Opinion,
Mr. Justice McCollum:It is averred in the affidavit of defence that the notes and account in suit represent the price of yarn purchased by the defendant of the plaintiffs, by sample which he ■ exhibited to them; that the yarn delivered by the plaintiffs to the defendant was inferior in grade and quality to the sample shown, and that, in consequence thereof, he has sustained damage to the amount of many thousand dollars in excess of the sum demanded by the plaintiffs. It is to be noted that neither the quantity, market price, or quality of the yarn purchased or of the yarn delivered, is stated in the affidavit. It contains, in general terms, a suggestion of a loss of custom and a cancellation of contracts, as a result of a breach of warranty, but it is clearly deficient in the statement of specific facts on which to rest the legal conclusions invoked. It does not allege that the plaintiffs were manufacturers of yarn, that the defendant was a manufacturer of cloth, or that the former knew for what purpose the yarn was purchased by the latter. Its inferences and conclusions are not authorized by its facts. There is nothing in it on which to ground a claim for damages, embracing loss of custom or a cancellation of contracts.
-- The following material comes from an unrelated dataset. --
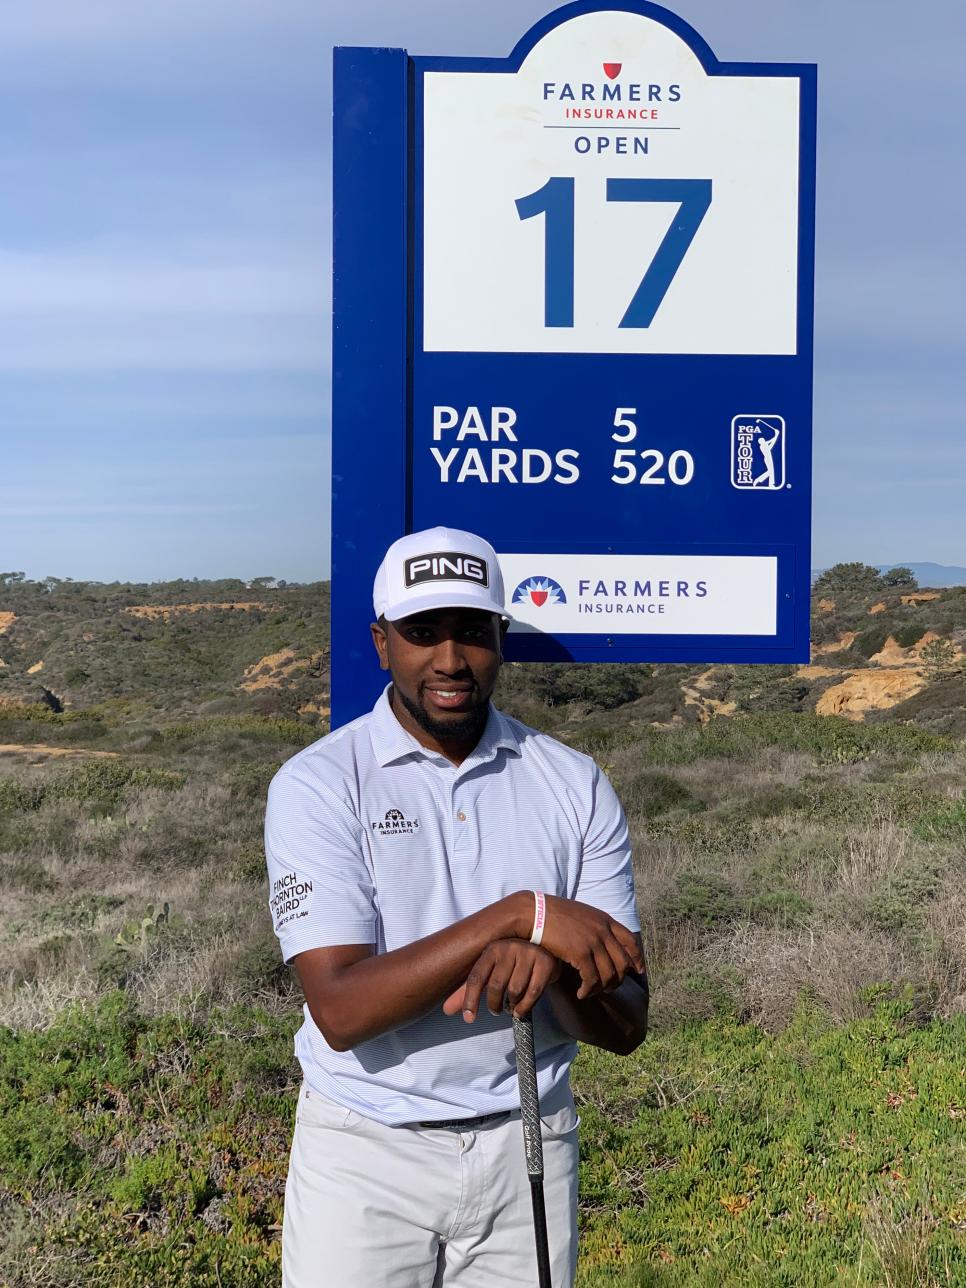 /content/dam/images/golfdigest/fullset/2022/1/ryan alford and farmers sign.jpeg

Where goods are sold with a warranty of quality, and are retained by the purchaser, the measure of damages for a breach of the warranty is the difference between the market value of *202the goods contracted for and of the goods delivered. In an action for the price of the goods, the purchaser may interpose this difference as a defence pro tanto. If an affidavit of defence is required, it should contain a clear and concise statement of the facts which constitute a basis for an assessment of the damages under the legal rule by which they are measured. All the elements of a defence should appear with reasonable certainty in the affidavit, and, if any fact essential to complete the defence is omitted, the affidavit is insufficient. In the present action, the defendant alleges that he has sustained great loss by reason of claims made on him by his customers, and their cancellation of contracts with him, because of the low grade and inferior quality of the yarn; but he has not stated a single fact which would make these matters proper items of damage on a breach of the warranty. An affidavit so vague and evasive, and so radically wrong in its conclusions, upon the few facts it contains, cannot be approved. In the absence of an averment to the contrary, it is fair to presume that the yarn was inspected by the purchaser when he received it, and that he then, knew its grade and quality, and made no complaint as to either.
The judgment is reversed; and it is ordered that the record be remitted to the court below, with direction to enter judgment against the defendant for such sum as to right and justice may belong, unless other legal or equitable cause be shown why such judgment should not be entered.*
See Titusville Iron Works v. Keystone Oil Co., 130 Pa. 211.